Does Soy Impact Your Cancer Risk?

Prostate cancer is the most common cancer in men in the U.S., except for skin cancers, according to the American Cancer Society. A meta-analysis of 30 observational studies found that soy consumption is associated with a decreased likelihood of developing prostate cancer (8).

One theory why: Prostate tissues contain certain estrogen receptors, and when phytoestrogens bind to and activate these receptors, it may, in part, reduce cell division to inhibit cancer development.

Soy Builds Muscle

One of the best ways you can eat high-protein soy is as a replacement for animal proteins that can be higher in saturated fat (such as red meat)—that’s one reason why soy is considered a heart-healthy food. So, marinate and sauté tofu as your main protein or toss a handful of edamame onto a salad.

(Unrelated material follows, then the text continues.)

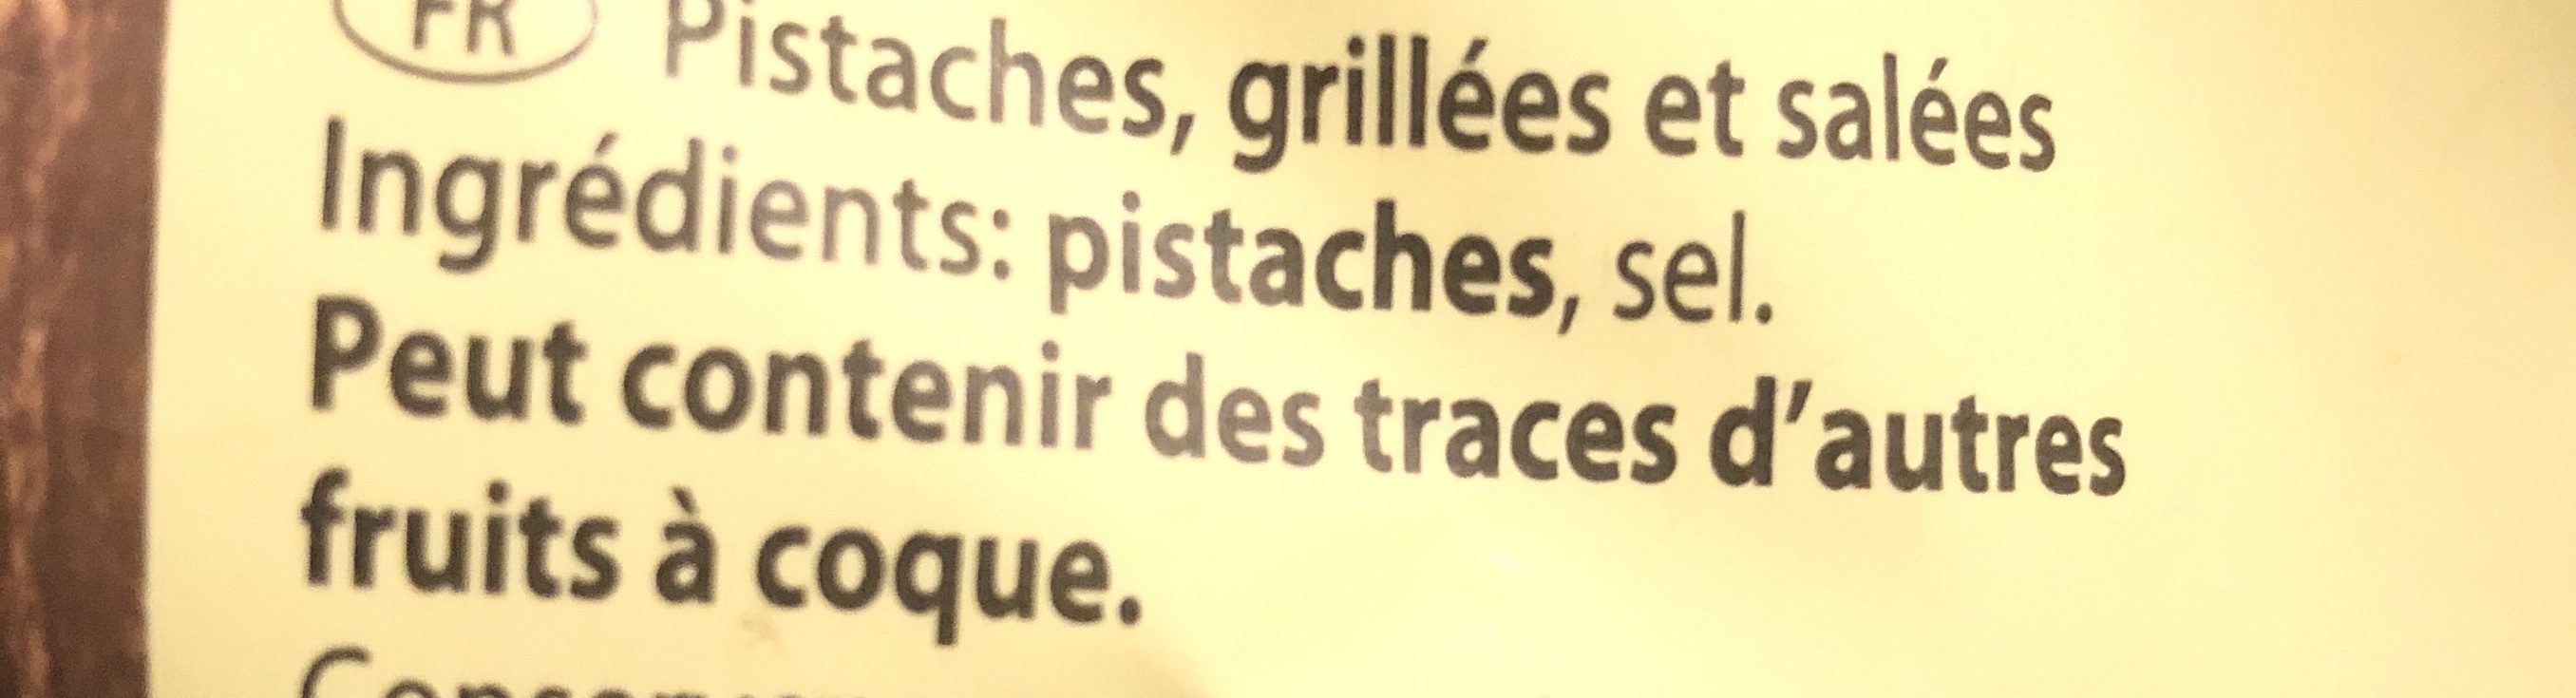 Pistaches Grillées Et Salées, - Ingrédients

Soy can also help you build muscle. “Research shows (9) that soy protein increases muscle mass and strength just as well as whey protein, which has long been considered the top-quality protein in the bodybuilding space,” says Dr. Nagra.

How Much Soy is Too Much?

Research shows that up to 100 mg of isoflavones (the equivalent to about four servings of whole soy foods per day) is safe (1).

More than that may be as well, but when you consume a lot of one food, it leaves little room for others. Problems arise when soy (or other foods) becomes the dominant food in your diet. “At that point, there’s potential that you’ll miss out on other nutrients that you need in your diet,” says Nagra. Eat a variety of foods and protein sources.

The Bottom Line

Research clearly suggests that soy is a healthy food—and concerns can be put to rest.

Want to make soy part of your diet? Start by replacing meat with tofu or regular milk with soy milk a couple times per week. Experiment with different soy foods and their preparations to see what you like.

Does soy cause man boobs?

No. There is no data to suggest that soy, when consumed in normal (aka not excessive amounts) will cause excess breast tissue to grow (10).

Does soy lower sperm count?

No. Large meta-analyses (4) found that soy did not affect sperm or semen in men.

Does soy cause erectile dysfunction?

No. While there are worries that soy may affect testosterone, research has found that soy consumption did not decrease reproductive hormone levels (4).

How much soy is bad for men?

Consume up to four servings a day of soy. Research shows (1) that it’s safe to consume no more than 100 mg of isoflavones per day. Soyfoods contain different amounts of isoflavones, and may vary with the brand, but in general, one serving of soy (8-oz soymilk, 3.5-oz tofu, 1-oz soy nuts) offers around 25 mg of isoflavones.